Graph the distribution of Netflix movies over the years in which the movies were released.

This analysis is based on a file of the films offered by Netflix as published here:

[Kaggle Netflix Data](https://www.kaggle.com/shivamb/netflix-shows/data)


In [None]:
import pandas as pd
import matplotlib.pyplot as plt
%matplotlib inline

df = pd.read_csv('data/netflix_titles.csv')
df = df[df['type'] == 'Movie']
df

In [None]:
freq_hist = df['release_year'].value_counts()

years = set(freq_hist.index)
missing = set(range(min(years), max(years)+1)) - years
freq_hist.append(pd.Series([0 for i in range(len(missing))], index = list(missing)))
freq_hist = freq_hist.sort_index()

my_font = {'fontname' : 'Times New Roman', 'size':14}
tickmark_font = {'fontsize':12, 'fontname' : 'Times New Roman'}
fig,ax = plt.subplots()
ax.bar(freq_hist.index, freq_hist.values)
ax.set_ylabel('Number of Movies', **my_font)
ax.set_xlabel('Year', **my_font)
fig.suptitle('Distribution of Netflix Movies by Release Year', **my_font)
fig.canvas.draw()
ax.set_xticklabels([item.get_text() for item in ax.get_xticklabels()], **tickmark_font)
ax.set_yticklabels([item.get_text() for item in ax.get_yticklabels()], **tickmark_font)
plt.show()

## Natural Language Processing (NLP) & Trump's Tweets

The simplest form of natural language processing is to count the number of times each word is used and observe the most frequently used words.

To do this, ultimately, results in a Pareto Diagram, whcih is a histogram with the frequency data plotted in descending order.

In [None]:
import pandas as pd
import matplotlib.pyplot as plt

''' Input Data '''
f = open('data/words.csv','r', encoding='utf8')
words = f.readlines()
f.close()

""" Get rid of the newline escape sequences """
for i in range(len(words)):
    words[i] = words[i].rstrip()
#words

""" Remove common 'stopwords' that are used frequently but don't impart meaning """
stopWords = ['to', 'the', 'a', 'to', 'is', 'and', 'in', 'of', 'that', 'it', 'be','at', 'this', 'are', 'be', 'for', 'will', 'with', 'at', 'have','on','&amp', 'by']

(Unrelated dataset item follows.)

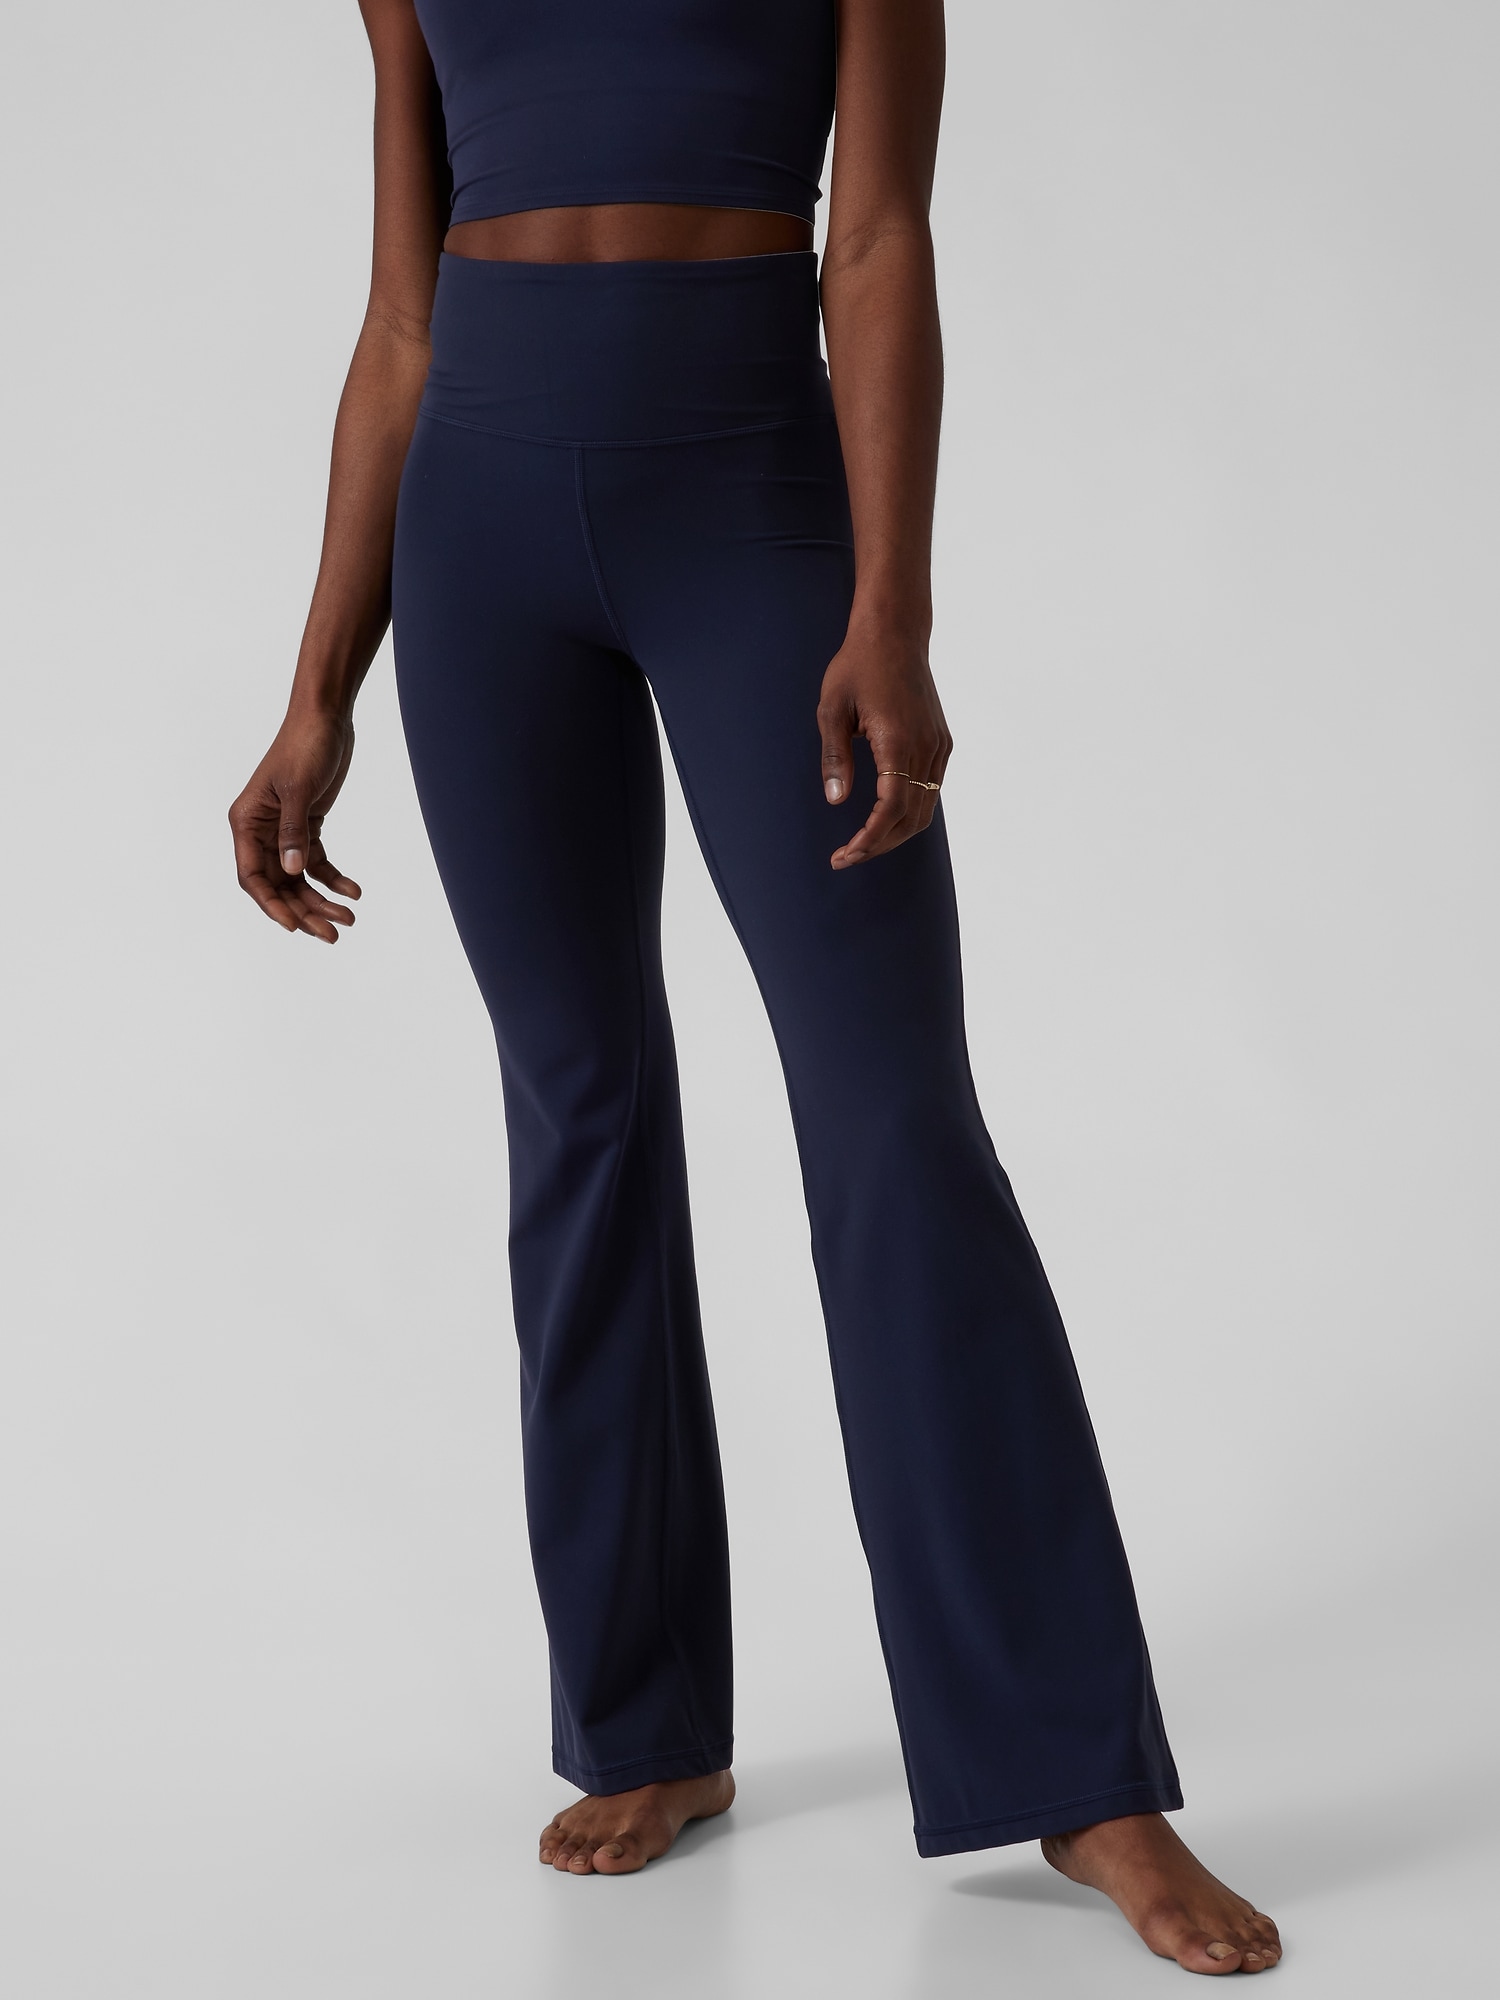 Margarita Super Flare Yoga Pants in Black w/ Lavender Ribbon Size 1 (XS /  Small)

for i in range(len(words)-1,-1,-1):
    if words[i] in stopWords or words[i] == '@realdonaldtrump':
        del words[i]
        
print('Number of words:', len(words))

dfWords = pd.DataFrame()
dfWords['words'] = words
print(dfWords)

histTrump = dfWords['words'].value_counts()
print(histTrump)

numPts = 10
fig,ax = plt.subplots()
ax.bar(histTrump.index[0:numPts],histTrump.values[0:numPts])
ax.spines['right'].set_visible(False)
ax.spines['top'].set_visible(False)
ax.set_xlabel('Word')
ax.set_ylabel('Number of Occurrences')
fig.suptitle("Most Frequent Words in President Trump's Tweets")
plt.show()

## Webscraping

This example scrapes HTML data, but data formatted in XML and JSON can be scraped as well.

[John Wall NBA Stats](https://www.basketball-reference.com/players/w/walljo01/gamelog-advanced/2017/)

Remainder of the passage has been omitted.